The two-dimensional (2D), transition metal dichalcogenides (TMDC) have attracted considerable attention in recent years.^1–5 While bulk semiconductors are quite brittle and typically break under strains larger than 1%, 2D semiconductors can withstand deformations one order of magnitude larger before rupture.⁶ This large breaking strength has increased the interest in controlling the electrical and optical properties of atomically thin semiconductors by strain engineering. In the past few years many theoretical works have been devoted to the study of the role of strain on the electronic properties of semiconducting transition metal dichalcogenides.^7–18 Very recently, experimental works employing uniform uniaxial, uniform biaxial, and local uniaxial deformations have determined the role of mechanical strain on the electronic properties of atomically thin MoS₂, WSe₂, and ReSe₂ but the strain tunability of other members of the dichalcogenides family remains unexplored.^19–24 In particular, comparisons between two materials with a simple change in the metal (Mo vs. W) or chalcogenide atom (S vs. Se) have not been reported.

Here we employ photoluminescence (PL) spectroscopy to probe the changes in the electronic band structure of atomically thin MoSe₂ by uniaxial strain. Through a simple clamping and bending technique, we measure reproducible strains in MoSe₂ up to 1.1%. Additionally, we directly compare the photoluminescence spectra of MoSe₂ to that of MoS₂ to show that the narrow photoluminescence peak (smaller full width half maximum) allows for higher accuracy in determining small changes in strain. Upon uniform application of strain, we find that the energy of the direct band gap reduces linearly with strain by −27 ± 2 meV per percent of strain for single-layer MoSe₂. We carry out density-functional calculations to further support our experimental findings. By taking into account the Poisson's ratio of the underlying substrate, we calculate a band gap shift of −32 meV per percent of strain.

Sample fabrication and bending apparatus

Slippage of the flakes during the straining/relaxing cycles is a well-known problem in uniaxial straining experiments on 2D materials that severely affects the reproducibility of the results. In conventional substrate bending experiments on graphene or MoS₂, strain levels of ∼1% can be reliably achieved without suffering from slippage. Clamping the flake to the substrate with deposited metal electrodes has proven to be an effective method to solve the slippage issue to a great extent. In fact, Conley et al. have shown reliable uniaxial straining of MoS₂ up to 2.2% by evaporating metallic bars onto the flake.²¹ However, this method typically requires extra steps of cleanroom fabrication. If a shadow mask is employed instead of lithography, a careful alignment of the mask is still needed.

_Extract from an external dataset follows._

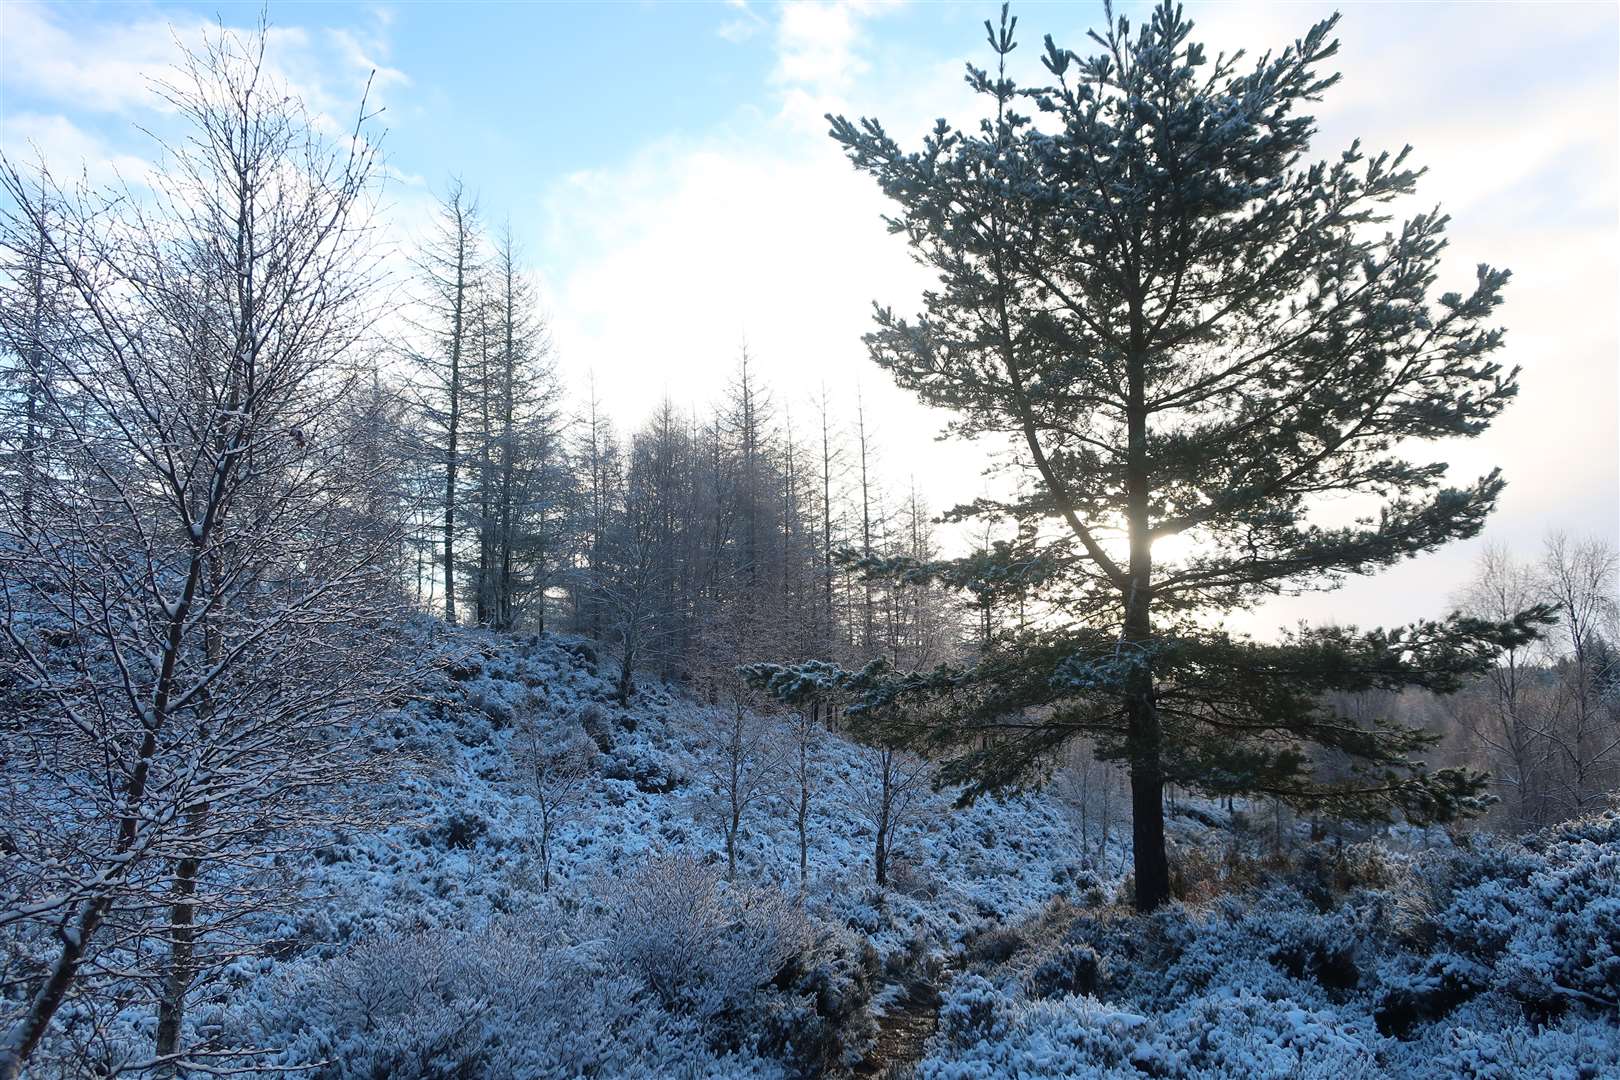 A winter wonderland high above the shores of Loch Ness south of Inverfarigaig.

In this work we fabricate single-layer MoSe₂ samples by mechanical exfoliation of bulk crystals onto a thin polydimethylsiloxane (PDMS) substrate (Fig. 1(a)). Subsequently, the face of the PDMS substrate containing thin flakes is gently placed, face-down, onto a flexible polycarbonate substrate, sandwiching the flakes between the two layers. Special care is taken to place the small PDMS film on the central part of the polycarbonate strip to prevent built-in strain before measurements and for an accurate determination of the applied strain. The PDMS film acts as a clamp to secure the flake during straining. Fig. 1(b) shows a transmission mode optical image of a MoSe₂ flake sandwiched between the PDMS and polycarbonate substrates (see inset of Fig. 1(b)). Single-layers can be easily distinguished from multilayer counterparts because of their strong photoluminescence yield due to the direct band gap nature of monolayer MoSe₂ in contrast to multilayered flakes that are indirect gap semiconductors. See the ESI† for a comparison between the photoluminescence spectra of the single layer portion of this flake (top-most part) and the bilayer region (directly below the single layer). The polycarbonate substrate is then loaded into a custom made, two-point bending apparatus shown in Fig. 1(c) and secured between two screw-posts. The moveable plateaus of the apparatus (arrow at the right-side of in Fig. 1(c)) allow full control over the bend of the polycarbonate substrate. Given the thickness (t) of the substrate (0.8 mm) and an estimation of the radius of curvature (R) for a particular strain (see ESI† for details), the strain can be estimated by ε = t/2R.^21,25

Fig. 1 (a) A viscoelastic (PDMS) stamp with exfoliated MoSe₂ is placed upside down onto a polycarbonate (PC) substrate to create a PC-MoSe₂-PDMS stack. (b) Optical transmission image of a MoSe₂ flake sandwiched between PC and PDMS. The inset shows a cartoon of the sandwich for a single-layer flake. (c) Optical image of the apparatus used to bend the sandwich and apply strain to the MoSe₂ flake.

Results

Fig. 2(a) shows PL spectra measured on monolayer MoSe₂ and MoS₂ flakes for direct comparison at strain levels of 0% and 1%. The spectra acquired for the relaxed MoSe₂ and MoS₂ samples (red curves in Fig. 2(a) and inset of 2(a), respectively) agree with those reported in the literature.^4,26–28 Specifically, the prominent peak at 662 nm (782 nm), determined from a Lorentzian fit, corresponds to a direct transition at the K point, giving an optical band gap of 1.59 eV (1.87 eV) for MoSe₂ (MoS₂).^4,26–28 It can be seen that PL peak for MoS₂ (FWHM of 46 nm) is much broader than that of the MoSe₂ peak (FWHM of 22 nm). Upon increasingly higher uniaxial strain of 1% the PL peaks shift towards lower energy (red shift). As the exciton binding energy in transition metal dichalcogenides is expected to be nearly independent of the uniaxial strain²⁹ this shift of the PL emission can be directly correlated with a reduction of the band gap in the monolayer flakes. While the shift in the PL peak for MoSe₂ is quite clear, shifting more than one FWHM, that for MoS₂ is relatively smaller compared with the width of the peak. This suggests MoSe₂ as a superior material in strain applications where precise measurements of small variations in strain are required.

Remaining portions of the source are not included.